© JUNGE FREIHEIT Verlag GmbH & Co.  www.jungefreiheit.de    23/01 01. Juni 2001

 
Neuer Zeitschriftentyp: Allegra, Glamour, InStyle, GQ, Men‘s Health ...
Das Ich-Marketing
Angelika Willig

Es gibt immer noch Männer, die sich über die Emanzipation der Frau ärgern. Und vielleicht gibt es sogar Frauen, die emanzipiert sind. Aber dann lesen sie keine Frauenzeitschriften. Denn was da angeboten wird, spricht eher für die alte These vom "angeborenen Schwachsinn des Weibes" (Otto Weiniger). Es gibt immer noch die biederen Brigittes mit "tragbarer" (und bezahlbarer) Mode, Tips für den Haushalt und kalorienarmen Rezepten. Gegen dieses "falsche Bewußtsein" war Alice Schwarzer mit ihrer Emma angetreten. Und Brigitte hat ihre Lektion gelernt. Sie wartet inzwischen mit so emanzipierten Themen auf wie Bewerbungsgespräch, Wohnungssuche oder Unfallversicherung. Das reicht vielen Frauen aber nicht. Sie wollen nicht ein geliftetes, sondern ein völlig neues Gesicht, das dann Allegra, Marie Claire oder Cosmopolitan heißt.

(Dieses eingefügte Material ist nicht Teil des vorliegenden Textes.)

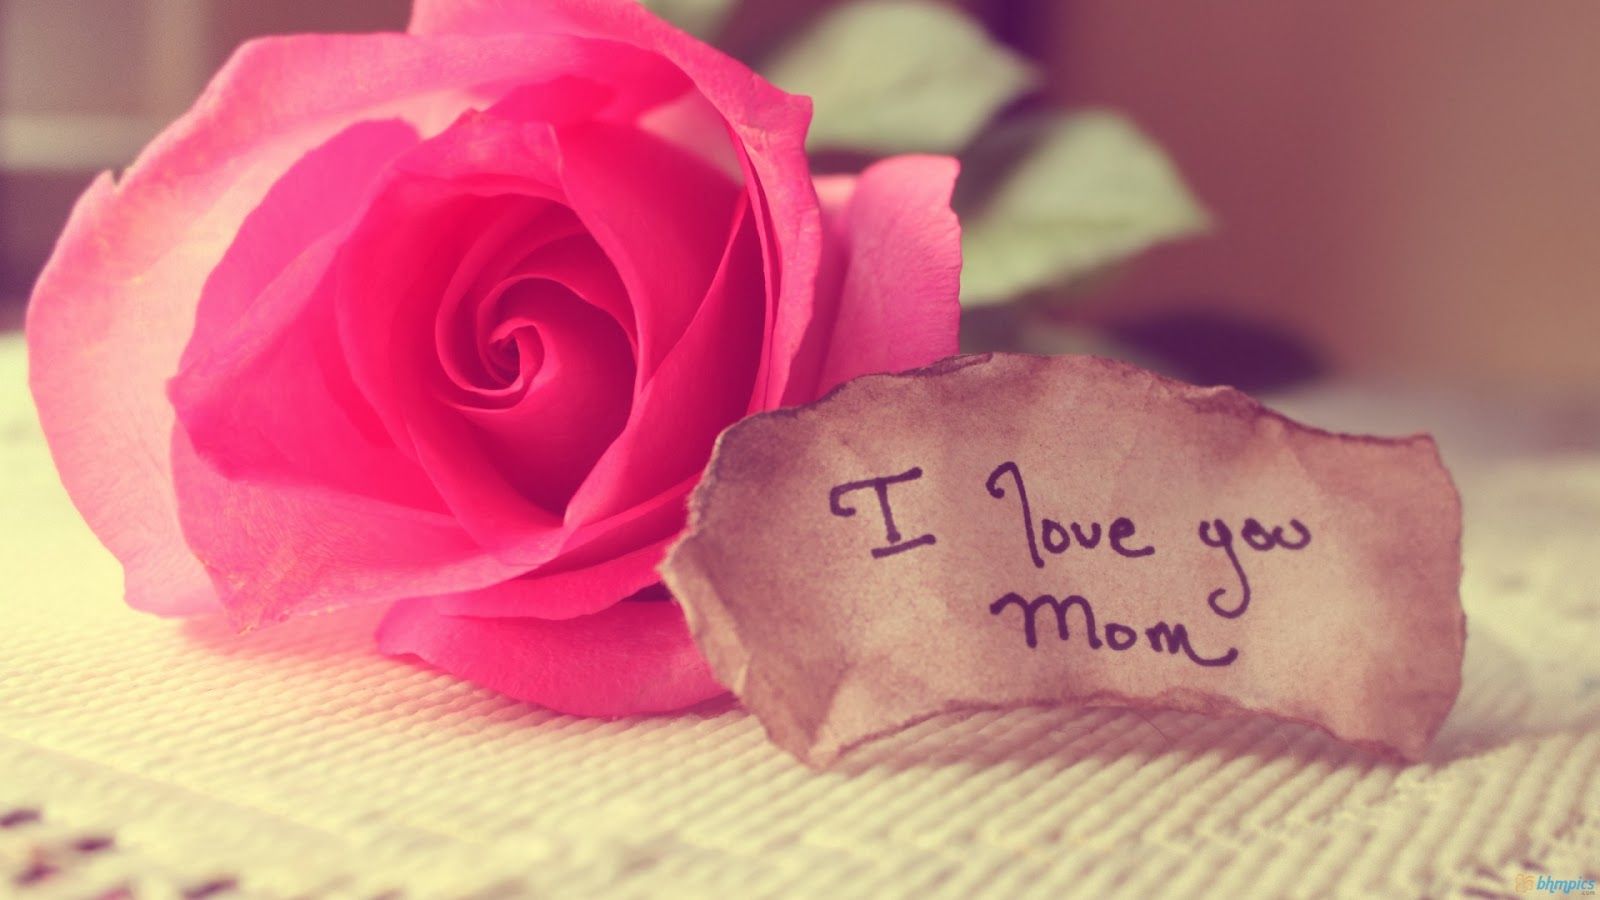 love, Mother's Day I Love You Mom Exclusive HD Wallpaper 2014

Eine ganze Reihe von Titeln ist mit der alten Frauenzeitschrift nicht mehr zu vergleichen. Sie hat aber auch keine Ähnlichkeit mit Emma. Die neue Frau ist nicht klüger, sondern auf ganz neue Art dämlich. Sie betreibt das "Ich-Marketing" als "Erfolgsstrategie". "26 Styling-Geheimnisse" verrät ihr Glamour, damit sie sich möglichst glänzend "selbstinszenieren" kann. "Was kaufen Frauen, wenn Geld keine Rolle spielt?" Immer noch teure Lippenstifte und das "schmale helle Kleid mit Rückendekolleté und Flügelärmeln" – aber nicht mehr für die Männer, sondern nur fürs eigene Image. Sex ist wichtig, aber genauso wichtig ist die Frage: "Wie werde ich den ’Lover‘ nach dem Sex wieder los?" Und das Allerwichtigste: "Bin ich gut im Bett?" Denn nur dann kann ich mich nachher selbst bewundern – was der eigentliche Zweck der Übung ist. Glamour, Allegra, Amica, InStyle u.a. verkünden "die neue Lust auf braune Haut" und "warum Sie auf Ihren Bauch richtig stolz sein können". "Erwecke die Göttin in dir", spricht das Orakel, wo es sich bloß um ein Mittel zur Haarentfernung handelt. "Bringen Sie Ihre Wimpern in Form", und schon drängt wieder die bange Frabe: "Haben andere mehr Spaß im Bett?" Was Frauen heute fordern, ist "Freiheit für die Poren", und wenn sie rufen: "Ich will alles", dann ist mit "alles" die sexy Sandalette und "ein tolles Dekolleté" gemeint.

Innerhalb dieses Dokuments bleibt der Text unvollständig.